И вот мы идем по дороге в поселок, полжизни назад мы это звали «деревня». Широкими плитами мимо низеньких кипарисов, узким тротуаром — влево и по доскам мостика — к подъему на кладбище. Сухими травами, лишайниками… скрипом шагов будя тишину… Синева, бархат горных теней… Большой крестик Алешин… Валерий мог бы быть его сыном: 55 лет, 26…

После утра 25-го у Алеши.

Втроем — знакомая Валерия, попросившая сопровождать ее в Старый Крым, Валерий и я идем берегом к автобусу чьей-то базы, едущему в Старый Крым. Я счастлива — я везу Жене — такой подарок! Поэта (поэту, ей!), чудного юношу, ласкового и светлого как ангел, светлого в такой темноте оперения — бровей, глаз и волос! (Черпаю из будущего доказательство чужим глазом и словом: полгода спустя писавшая его художница[57]: «Черты его очень резки — и в то же время — нежны, это очень затрудняет писать его…» Я применю это определенье к себе, и в тени его мне будет привольней, благословенней — пытаться рассказать об этой вошедшей в сердце душе. Но, должно быть, в тени светлой этой души я ехала все километры Коктебель — Старый Крым, потому что не помню — ни холмов, ни дорог, ни нашей — мешавшей, конечно, мне, нашей спутницы, вовлекавшей его в некое дело, имевшее быть в Старом Крыму, дело спорное, сомнительное, но казавшееся сперва — и хорошим. (Мы с Женей, только опомнясь, оставшись вдвоем, поняли, что религиозность этой выдумки — сомнительна, и — сколько было сил в нас — воспротивились ей.) Но в тот день я видела только что-то фальшивое в лице едущей с нами женщины, но в свете души Валерика был радостен путь вместе — и к Жене едем! Мы молча улыбались друг другу, мне было нисколько лет…

Наша спутница рассталась с нами при самом въезде в Старый Крым, у автобусной станции. Мы летели к Жене — почти наугад, рискуя ошибкой в выборе улиц, радуясь и смеясь, как дети. И вот уже узнанный угол — дом, сад, наша калитка, где я прожила у Жени шесть дней у ее прелестной шестидесятилетней хозяйки Лизы[58], красивой и умной, любящей кошек и книги, полюбившей Женю, меня — сейчас вместе с Женей полюбит Валерика!

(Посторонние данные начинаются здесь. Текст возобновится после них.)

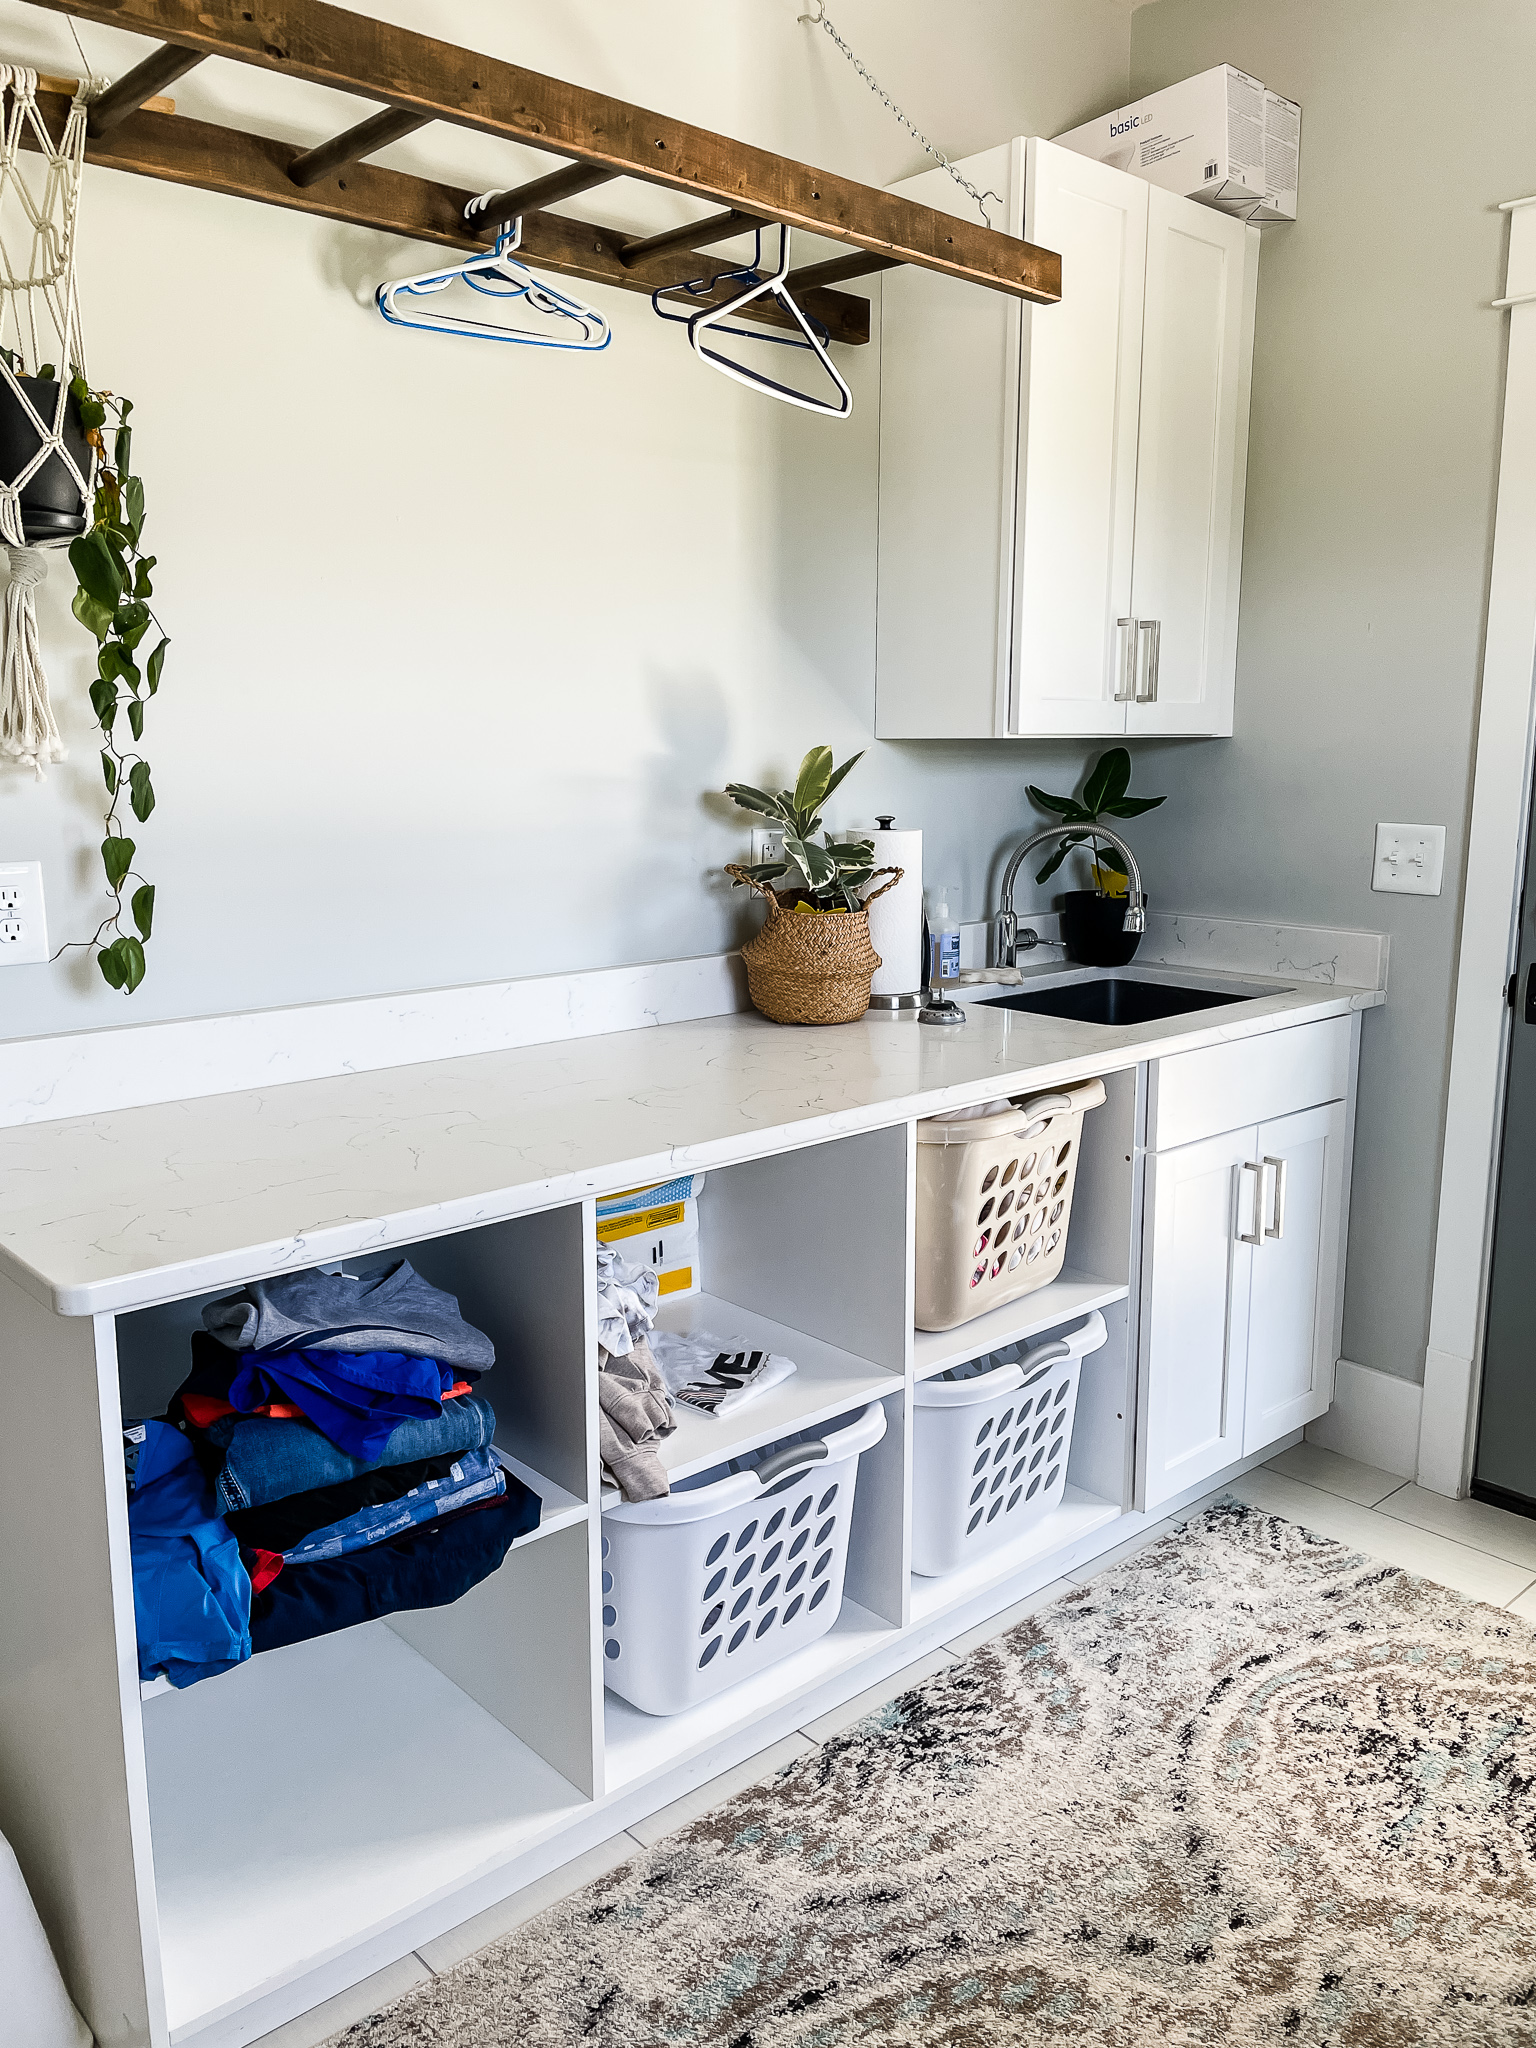 What You Need to Know Before Designing a Laundry Chute
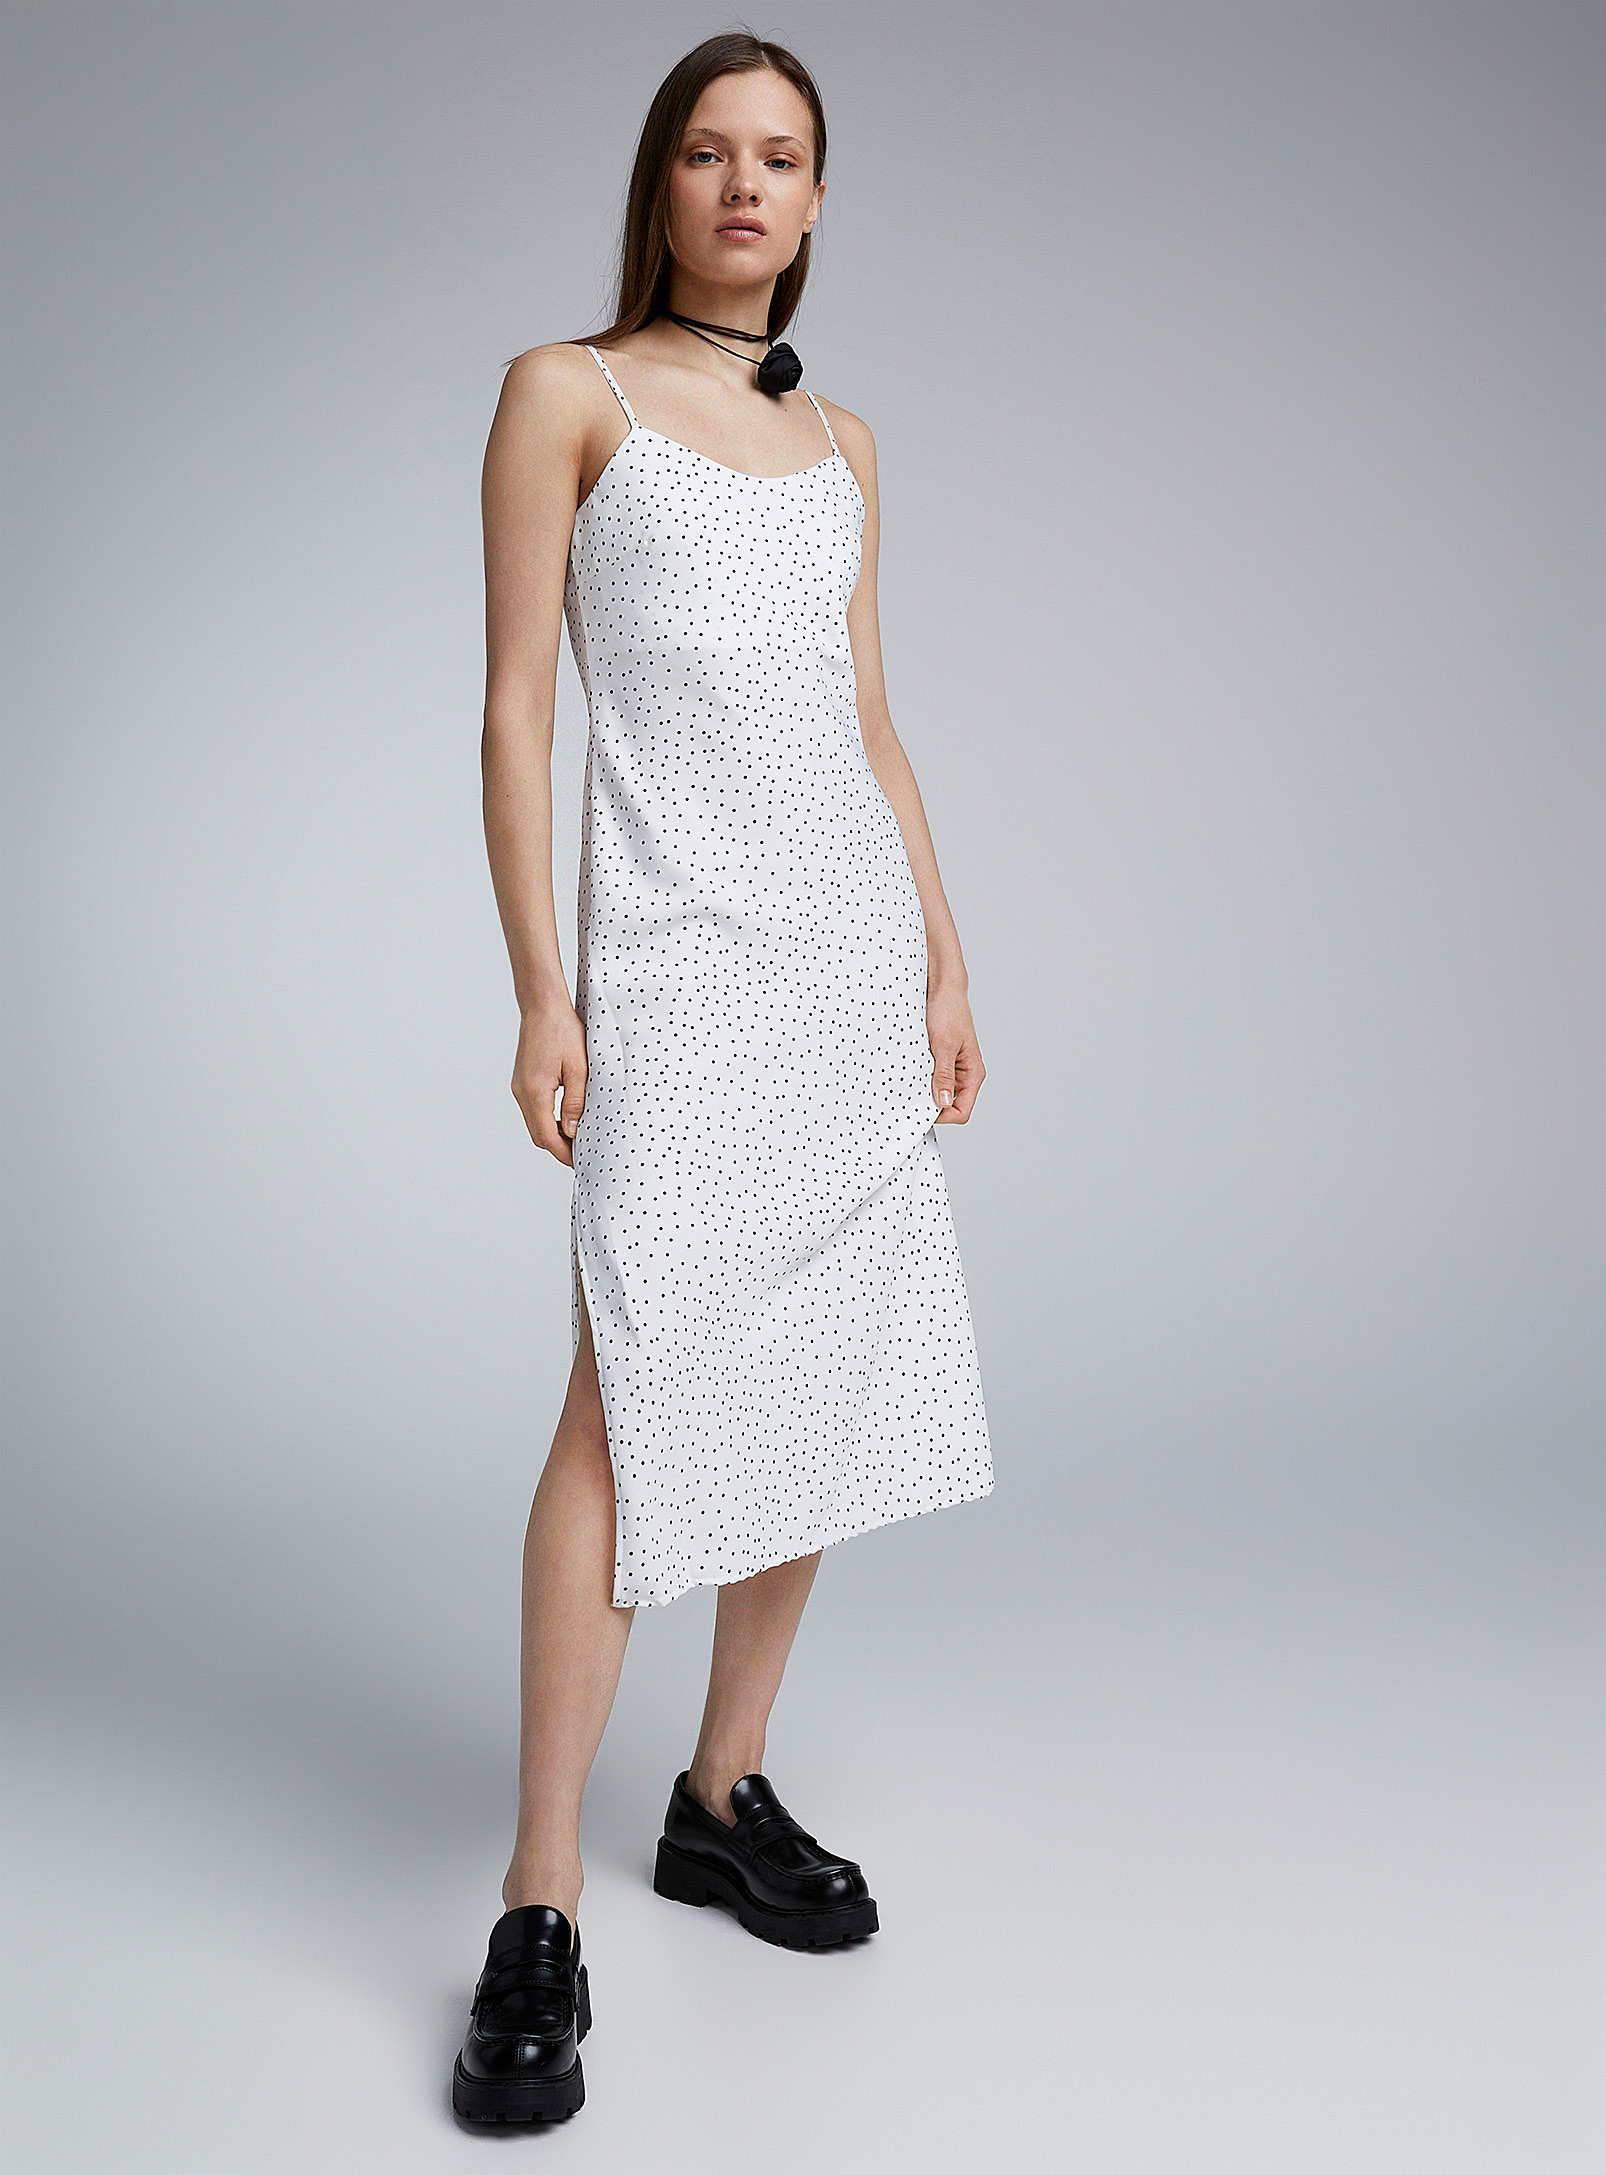 Only Polka Dot Crepe Dress In Black And White

Он нам будет читать стихи… В новом волшебстве, подаренном Жизнью — за что? ни за что, как Подарок! (или за долгую тоску приблизительных дружб — такое вдруг озарение — юность и нежность, поэтический дар, счастье бессловесного пониманья, страсти к слову, к цветаевскому, поклоненья Марине, восхищенное одобрение моей прозы (66 год, «Новый Мир»)[59] — с сыном? мало! с — внуком? по возрасту — так, но совсем непохоже… — с Братом, сияющим вот уже третий день. Врываюсь в сад к Лизе и Жене, к водовороту кошек, к лающему танцу цепной Наки — и по ступенькам крыльца в низенький бедненький коридорчик — окнами в сливы и яблоки, к чайному, кизиловому, ореховому, хлеб, масло, сыр, яблоки, доброму их столу — и уж не двое нас, а четверо (люди), шестеро (зверье) — семеро — я забыла Жука, сына Наки (радостно валит с ног) и, может быть, придет наш Андрей[60], еще ангел, синеглазый, Божий, старше Валерика.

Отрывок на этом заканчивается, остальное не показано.